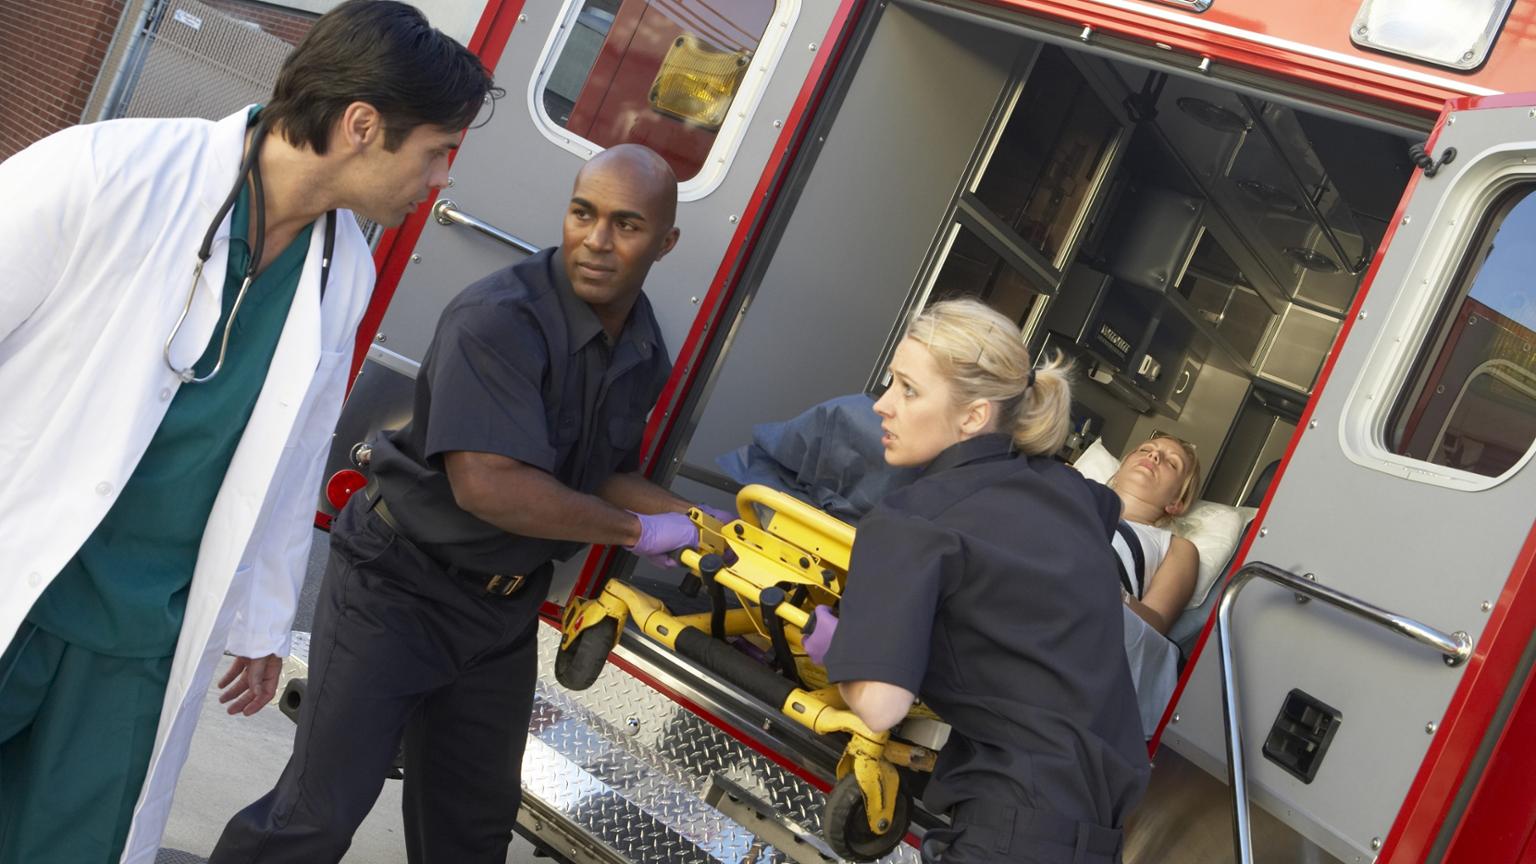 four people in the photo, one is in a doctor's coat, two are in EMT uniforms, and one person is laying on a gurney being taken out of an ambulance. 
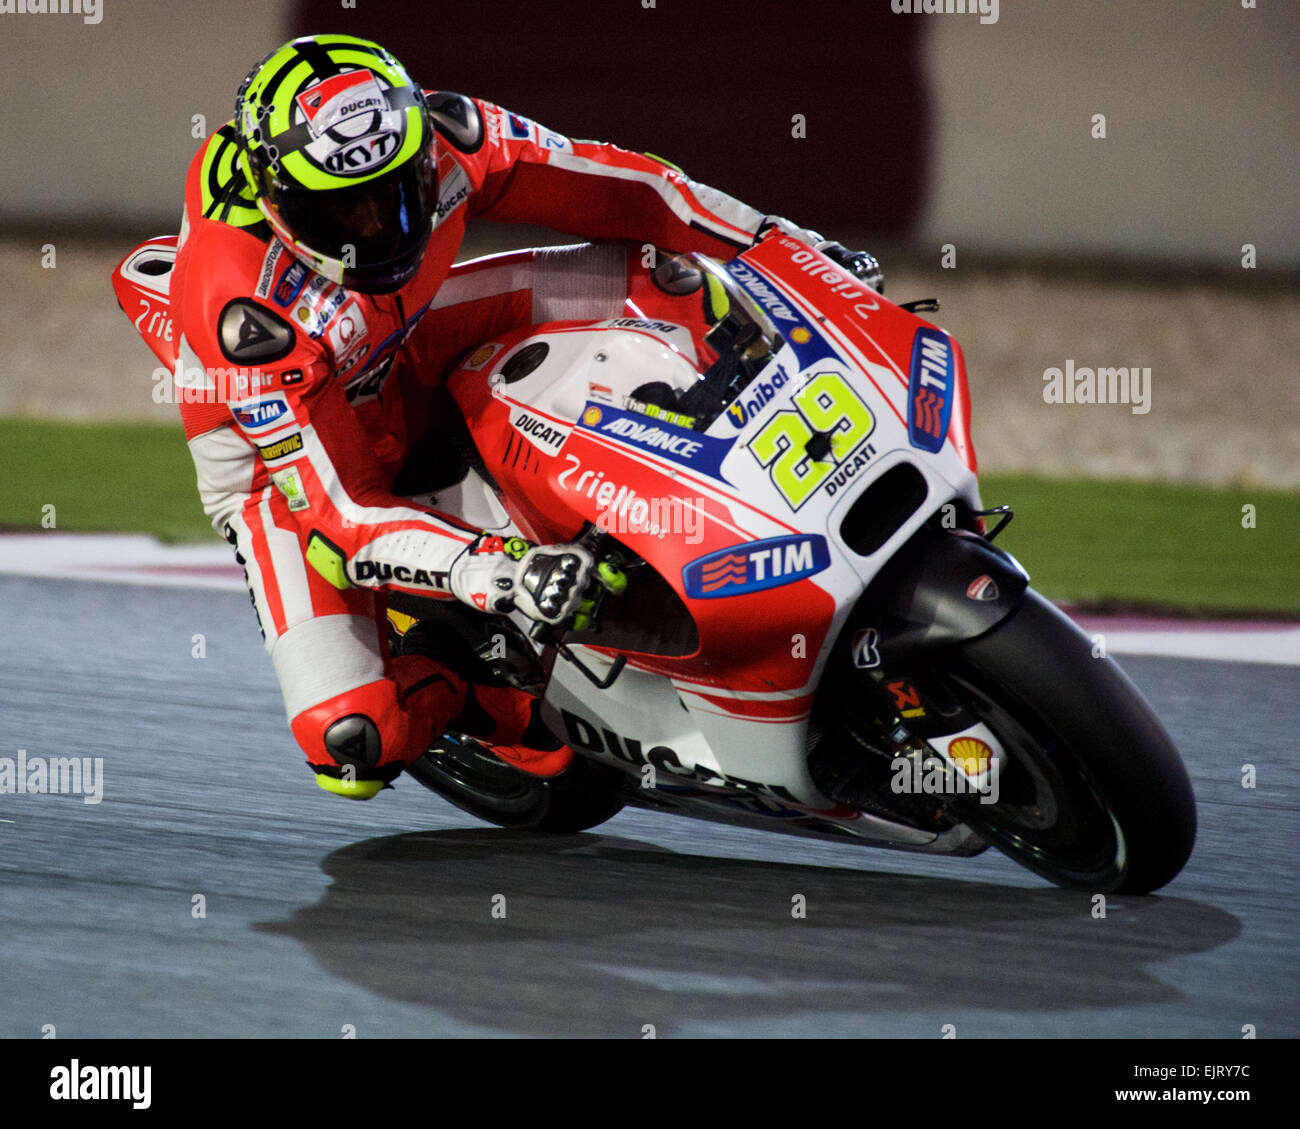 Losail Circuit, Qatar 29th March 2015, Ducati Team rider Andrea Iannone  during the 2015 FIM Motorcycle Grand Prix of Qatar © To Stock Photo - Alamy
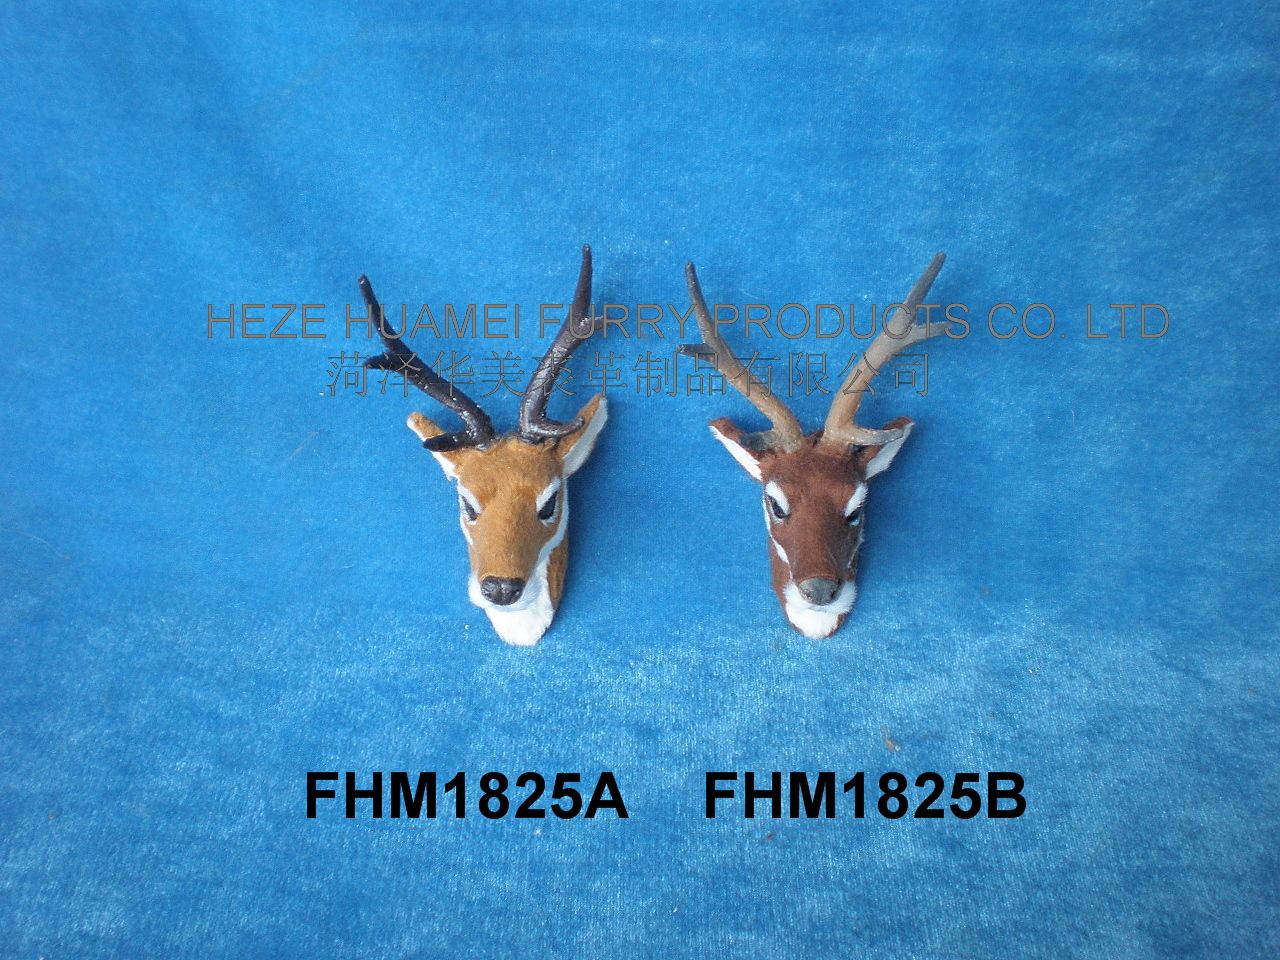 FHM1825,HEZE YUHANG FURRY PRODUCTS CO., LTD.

WHAT THE EXERCISE ASKS >>
Retype nothing except the lines from the first line of the listing above through the line with "Losail Circuit, Qatar", exactly as they stand, and no pictures.

SOLUTION >>
 four people in the photo, one is in a doctor's coat, two are in EMT uniforms, and one person is laying on a gurney being taken out of an ambulance. 
 Losail Circuit, Qatar 29th March 2015, Ducati Team rider Andrea Iannone  during the 2015 FIM Motorcycle Grand Prix of Qatar © To Stock Photo - Alamy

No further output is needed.